In the records that follow, find the line with "Securing User Interaction"; from there, retype every line exactly through the line with "LEGO - 229.1", which also belongs to the answer.
BEGIN SUPPLIED MATERIAL
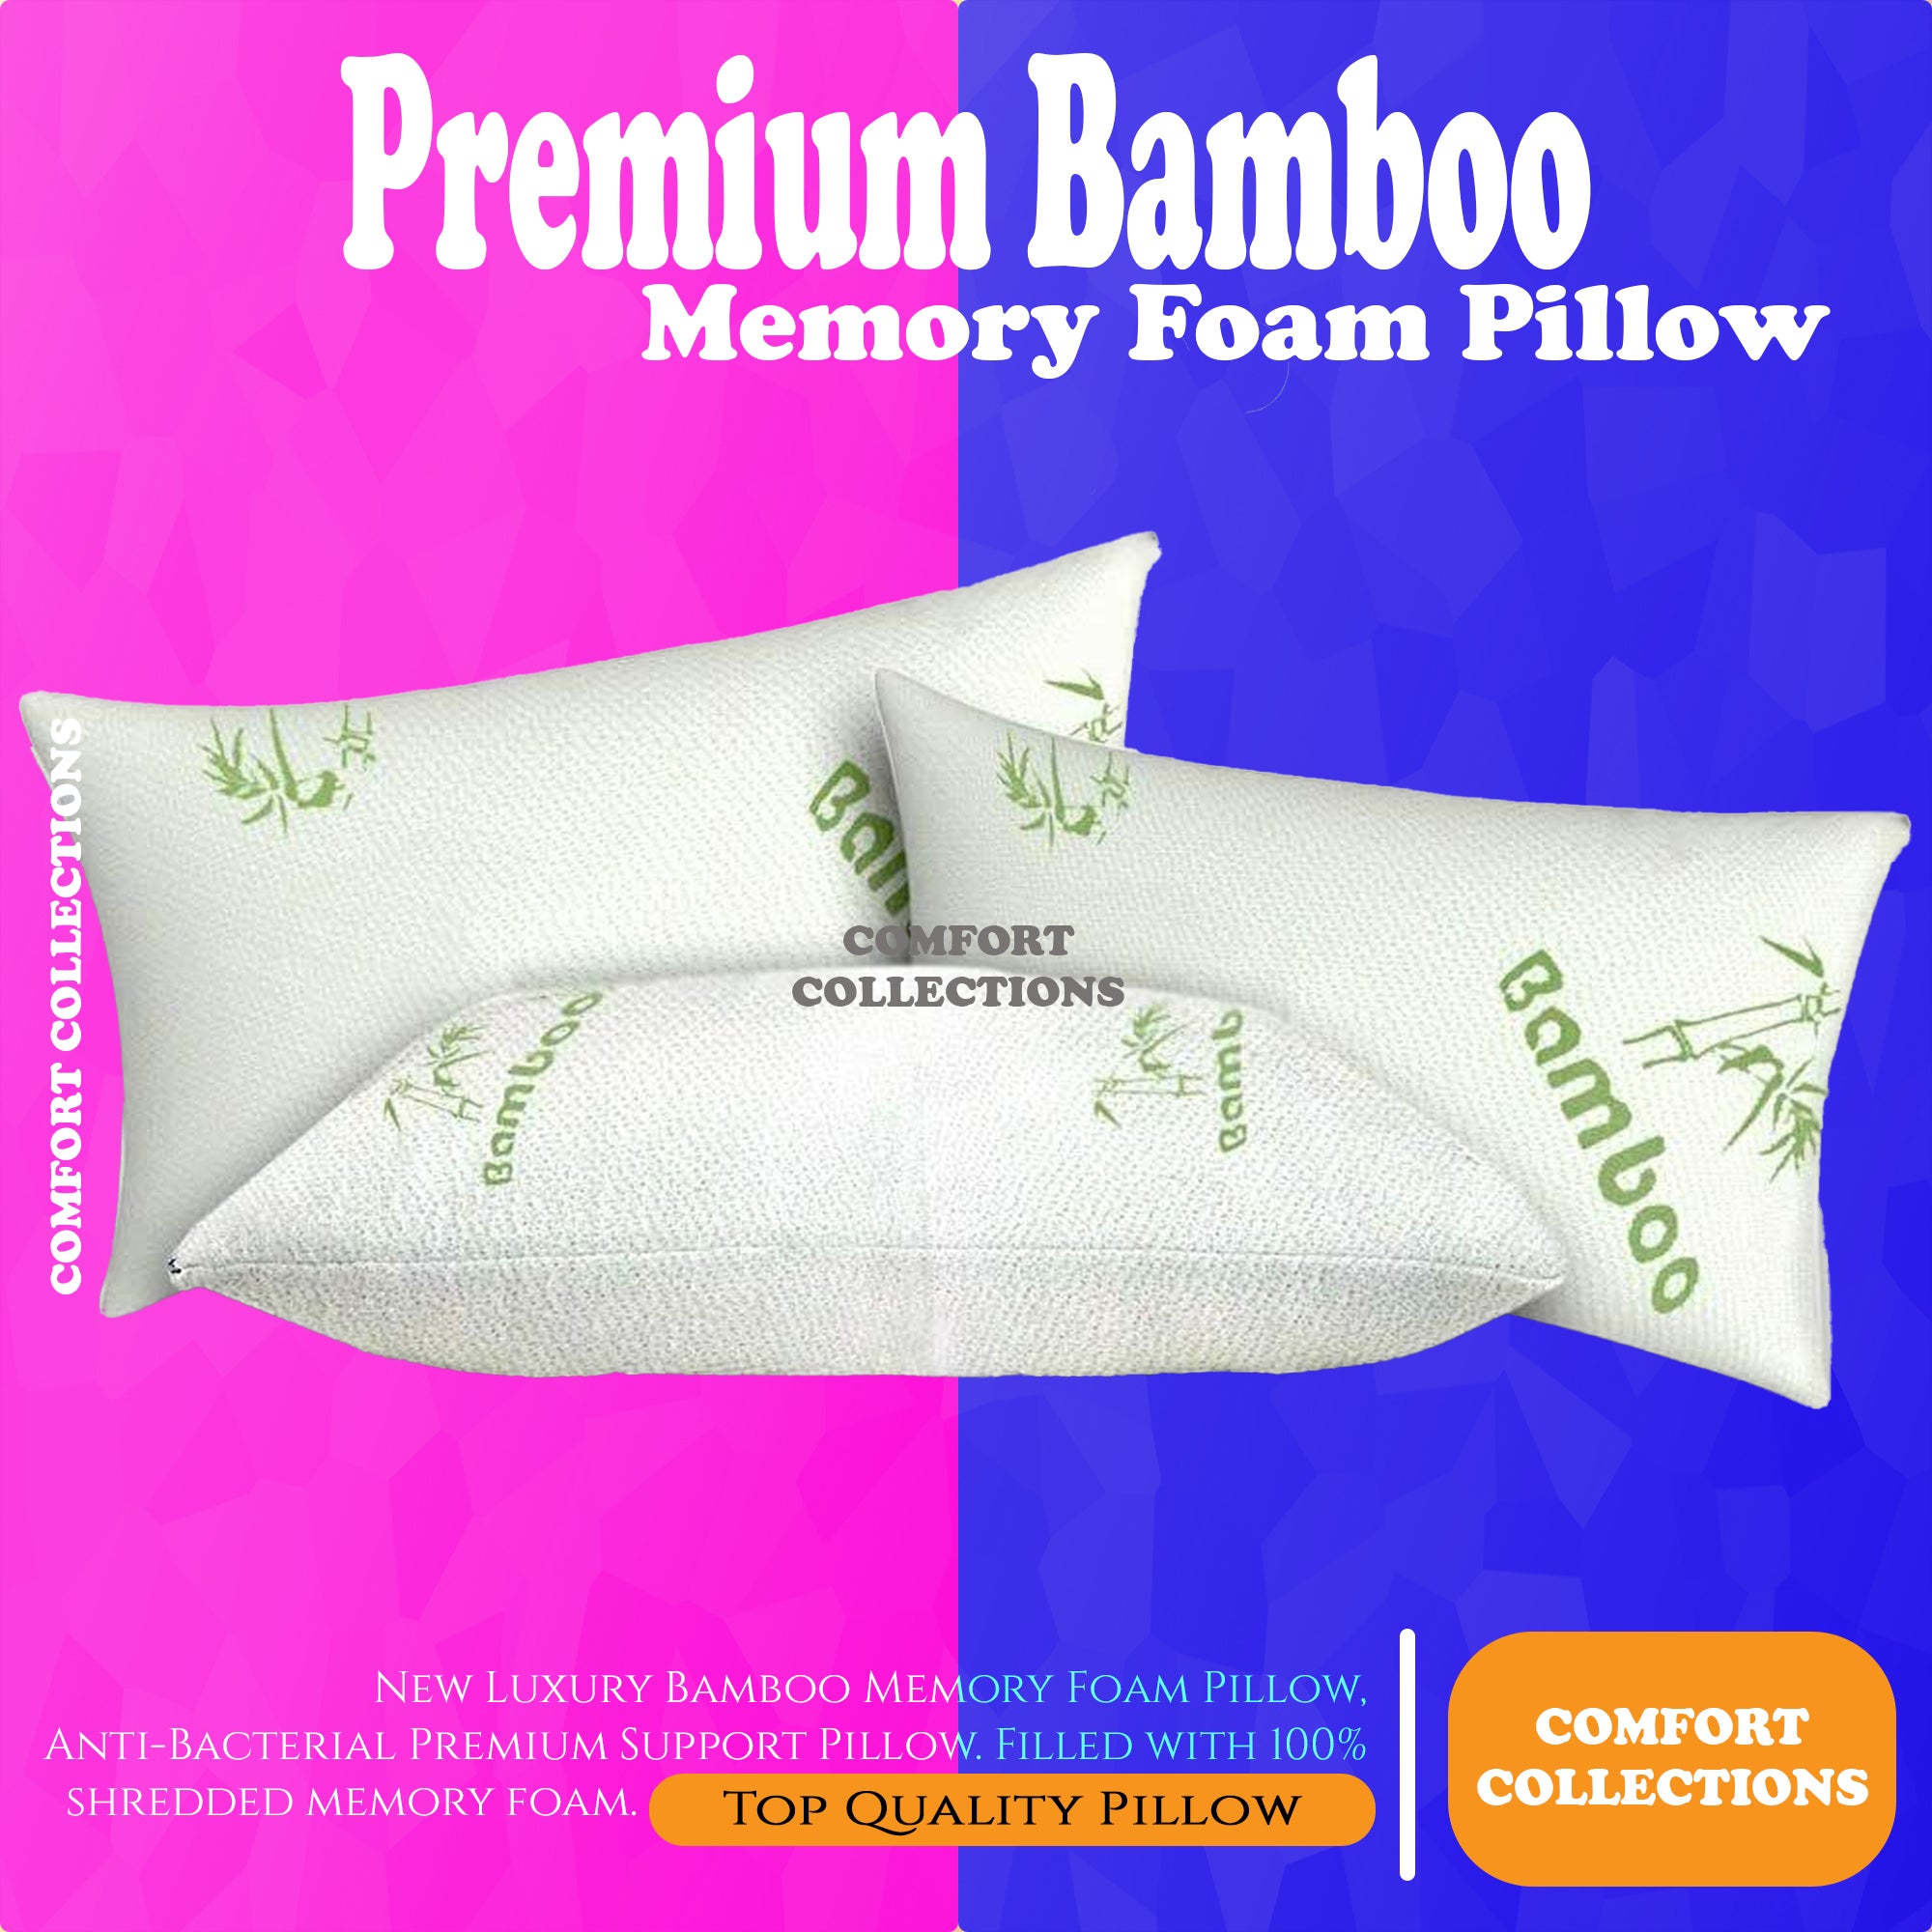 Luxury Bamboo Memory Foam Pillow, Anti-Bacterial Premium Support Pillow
END SUPPLIED MATERIAL
BEGIN SUPPLIED MATERIAL
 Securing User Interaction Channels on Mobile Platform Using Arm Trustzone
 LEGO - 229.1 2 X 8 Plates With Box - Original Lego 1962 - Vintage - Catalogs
END SUPPLIED MATERIAL
* SOLUTION BELOW
 Securing User Interaction Channels on Mobile Platform Using Arm Trustzone
 LEGO - 229.1 2 X 8 Plates With Box - Original Lego 1962 - Vintage - Catalogs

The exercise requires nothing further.